BEGIN

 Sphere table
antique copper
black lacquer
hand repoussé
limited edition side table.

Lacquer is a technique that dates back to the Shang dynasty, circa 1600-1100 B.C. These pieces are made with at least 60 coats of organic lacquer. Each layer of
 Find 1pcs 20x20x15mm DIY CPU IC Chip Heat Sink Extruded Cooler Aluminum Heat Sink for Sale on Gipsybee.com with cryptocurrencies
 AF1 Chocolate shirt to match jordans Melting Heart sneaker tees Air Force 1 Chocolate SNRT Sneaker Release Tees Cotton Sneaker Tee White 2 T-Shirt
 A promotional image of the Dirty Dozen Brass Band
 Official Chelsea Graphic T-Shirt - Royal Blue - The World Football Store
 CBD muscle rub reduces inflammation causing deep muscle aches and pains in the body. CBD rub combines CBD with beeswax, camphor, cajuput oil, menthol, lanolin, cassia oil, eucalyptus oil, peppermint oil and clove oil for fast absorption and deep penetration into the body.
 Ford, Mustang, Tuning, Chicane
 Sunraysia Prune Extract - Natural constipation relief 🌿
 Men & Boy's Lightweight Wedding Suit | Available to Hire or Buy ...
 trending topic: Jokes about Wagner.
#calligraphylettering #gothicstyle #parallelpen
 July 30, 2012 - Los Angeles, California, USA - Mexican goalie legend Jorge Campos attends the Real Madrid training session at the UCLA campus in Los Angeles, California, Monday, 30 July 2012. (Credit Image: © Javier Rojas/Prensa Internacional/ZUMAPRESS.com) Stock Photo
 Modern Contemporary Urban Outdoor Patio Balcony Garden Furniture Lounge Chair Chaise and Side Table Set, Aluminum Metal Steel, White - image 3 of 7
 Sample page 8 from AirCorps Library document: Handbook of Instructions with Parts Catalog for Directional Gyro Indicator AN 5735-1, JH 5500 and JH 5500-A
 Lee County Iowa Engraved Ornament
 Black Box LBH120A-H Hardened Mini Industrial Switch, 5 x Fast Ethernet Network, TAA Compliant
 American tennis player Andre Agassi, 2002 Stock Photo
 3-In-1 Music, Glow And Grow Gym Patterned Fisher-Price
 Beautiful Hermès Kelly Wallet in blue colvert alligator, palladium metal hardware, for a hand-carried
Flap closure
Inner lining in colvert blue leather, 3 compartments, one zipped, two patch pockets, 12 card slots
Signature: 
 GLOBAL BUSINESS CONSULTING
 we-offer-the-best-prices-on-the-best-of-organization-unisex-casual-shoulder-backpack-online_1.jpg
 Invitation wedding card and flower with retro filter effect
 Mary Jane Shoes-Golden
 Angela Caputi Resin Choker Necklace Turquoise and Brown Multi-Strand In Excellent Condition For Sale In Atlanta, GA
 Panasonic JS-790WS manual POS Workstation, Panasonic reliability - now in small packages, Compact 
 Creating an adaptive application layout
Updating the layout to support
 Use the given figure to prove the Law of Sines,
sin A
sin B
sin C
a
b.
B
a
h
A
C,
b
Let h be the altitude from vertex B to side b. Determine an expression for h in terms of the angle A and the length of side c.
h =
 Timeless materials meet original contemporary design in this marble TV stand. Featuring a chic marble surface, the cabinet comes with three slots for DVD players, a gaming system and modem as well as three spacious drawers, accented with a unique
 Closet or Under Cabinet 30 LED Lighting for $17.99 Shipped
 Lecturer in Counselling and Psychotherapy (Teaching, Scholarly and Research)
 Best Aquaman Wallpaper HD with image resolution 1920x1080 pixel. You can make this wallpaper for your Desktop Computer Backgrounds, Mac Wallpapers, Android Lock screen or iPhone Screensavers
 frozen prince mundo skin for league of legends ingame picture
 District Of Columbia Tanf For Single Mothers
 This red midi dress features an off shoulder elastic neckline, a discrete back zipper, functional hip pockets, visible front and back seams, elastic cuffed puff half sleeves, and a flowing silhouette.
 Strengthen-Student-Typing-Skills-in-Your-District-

END

▶ [The problem]:
Look over the listing. Pull out every line with the string "Shirt" in it.

▶ [Answer to this exercise]:
 AF1 Chocolate shirt to match jordans Melting Heart sneaker tees Air Force 1 Chocolate SNRT Sneaker Release Tees Cotton Sneaker Tee White 2 T-Shirt
 Official Chelsea Graphic T-Shirt - Royal Blue - The World Football Store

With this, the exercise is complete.